== The task ==
Copy the data below exactly.

== Dataset extract ==
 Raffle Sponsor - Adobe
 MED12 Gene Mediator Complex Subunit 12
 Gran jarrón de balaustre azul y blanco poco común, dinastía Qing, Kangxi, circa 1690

== Response for this exercise ==
 Raffle Sponsor - Adobe
 MED12 Gene Mediator Complex Subunit 12
 Gran jarrón de balaustre azul y blanco poco común, dinastía Qing, Kangxi, circa 1690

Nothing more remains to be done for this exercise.